Os riscos para a saúde de ser uma coruja da noite

By | Dezembro 3, 2018

A primeira revisão internacional a comparar corujas noturnas com madrugadores descreve os riscos à saúde associados à preferência por noites.

Uma revisão recente analisa novamente o impacto de ser uma coruja noturna

Uma revisão recente analisa novamente o impacto de ser uma coruja noturna

Uma revisão recente analisa novamente o impacto de ser uma coruja noturna.
A maioria das pessoas se conforma a um dos dois cronotipos: somos pessoas de manhã ou à tarde.

Ou preferimos ficar acordados até tarde e nos chamar de corujas noturnas, ou acordamos mais cedo e vamos dormir mais cedo.

Esses padrões nas preferências circadianas são, até certo ponto, escritos em nossos genes.

Ao longo dos anos, a comunidade médica debateu os impactos na saúde associados a cada cronótipo, e os resultados nem sempre foram conclusivos.

Para desenvolver uma imagem mais clara, um grupo de cientistas de várias instituições realizou a revisão mais extensa da pesquisa relevante até o momento. Suas descobertas foram publicadas recentemente na revista Advances in Nutrition.

Dormir, comer e saúde

Os cientistas estavam especialmente interessados ​​em entender a relação entre ritmos circadianos e padrões alimentares, chamados crono-nutrição e saúde cardiometabólica em geral.

Como a vida moderna é frequentemente agitada, os padrões de alimentação e sono podem ser perturbados com frequência. A exposição a fontes de luz artificiais também pode desalinhar nossos padrões circadianos.

Essas interrupções podem alterar processos metabólicos cíclicos, como controle da glicose, metabolismo lipídico e pressão arterial.

Os cientistas estão trabalhando para determinar os efeitos a longo prazo dessas mudanças na saúde.

Como essa área de estudo está em sua infância, os autores da revisão recente se aprofundaram em estudos anteriores, na esperança de identificar padrões nos resultados.

A equipe descobriu que as pessoas que foram dormir mais tarde tenderam a ter padrões alimentares menos saudáveis.

Por exemplo, eles geralmente comiam mais tarde, em horários menos regulares, e consumiam mais álcool, açúcar e produtos com cafeína do que aqueles que haviam comido antes. As corujas noturnas também tiveram maior probabilidade de pular o café da manhã.

Além disso, as corujas noturnas eram mais propensas a consumir menos vegetais e grãos. Eles também comiam com menos frequência, mas faziam refeições maiores.

Esse padrão de alimentação pode explicar o achado de que as corujas noturnas apresentaram maior risco de doenças cardíacas e metabólicas, como diabetes tipo 2.

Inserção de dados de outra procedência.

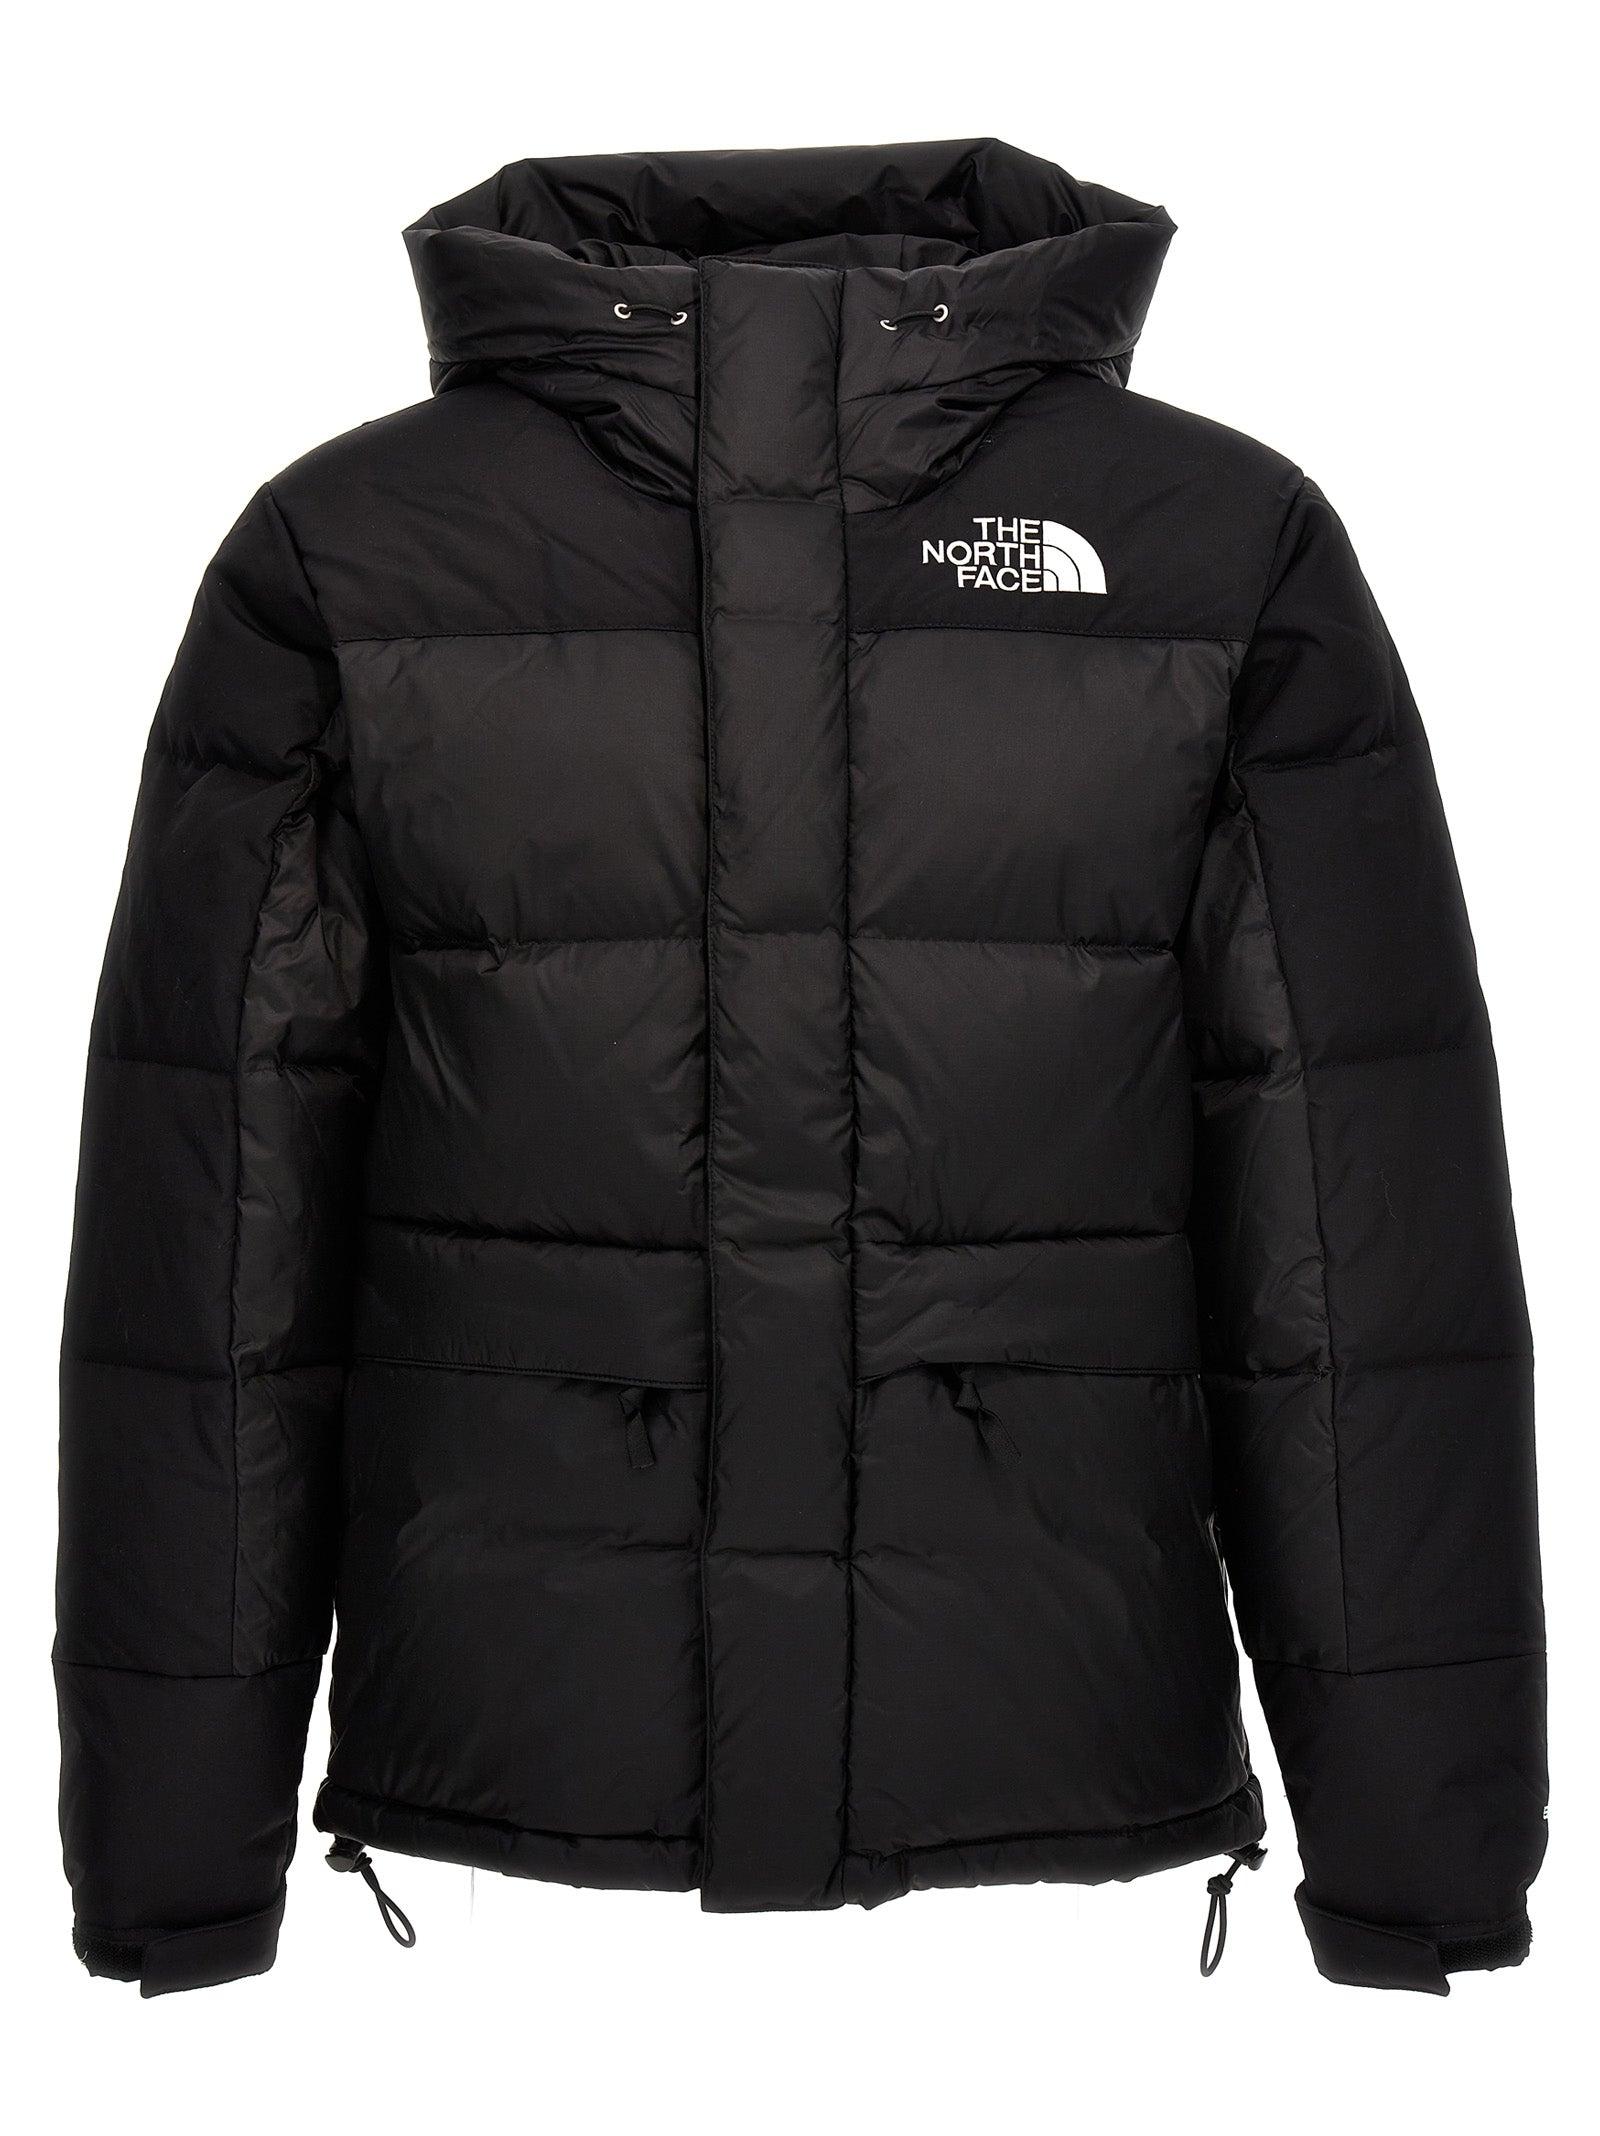 The North Face Himalayan Casual Jackets, Parka in Black for Men

De fato, um estudo mostrou que as corujas noturnas eram mais propensas a ter diabetes tipo 2.5 do que os madrugadores.

A líder do estudo, Suzana Almoosawi, Ph.D, pesquisadora da Universidade da Nortúmbria no Reino Unido, explica que “na idade adulta, ser um cronótipo noturno está associado a um risco aumentado de doença cardíaca e diabetes tipo 2, e isso pode ser devido ao mau comportamento alimentar e dieta de pessoas com cronótipo noturno ».

Segundo os pesquisadores, ser uma coruja da noite pode até afetar a maneira como uma pessoa gerencia seu diabetes: "Nossa análise também descobriu que pessoas que têm menos controle de seu diabetes têm maior probabilidade de ser o tipo de noite", diz ele. Almoosawi

As flutuações circadianas do corpo no metabolismo da glicose podem mediar o vínculo com o diabetes tipo 2. Durante o dia, os níveis de glicose diminuem e, à noite, estão no ponto mais baixo.

No entanto, como as corujas noturnas comem mais tarde, os níveis de glicose aumentam pouco antes de dormir. Isso vai contra os processos biológicos regulares do corpo, por isso pode afetar o metabolismo.

Conhecimento crescente, mas ainda existem lacunas

A revisão descobriu algumas outras descobertas interessantes. Pode não surpreender que as crianças sejam muito mais propensas a acordar cedo, incluindo 90 por cento das crianças anos 2 e 58 por cento das crianças anos 6.

À medida que as pessoas entram na velhice, é mais provável que retornem às suas preferências de juventude.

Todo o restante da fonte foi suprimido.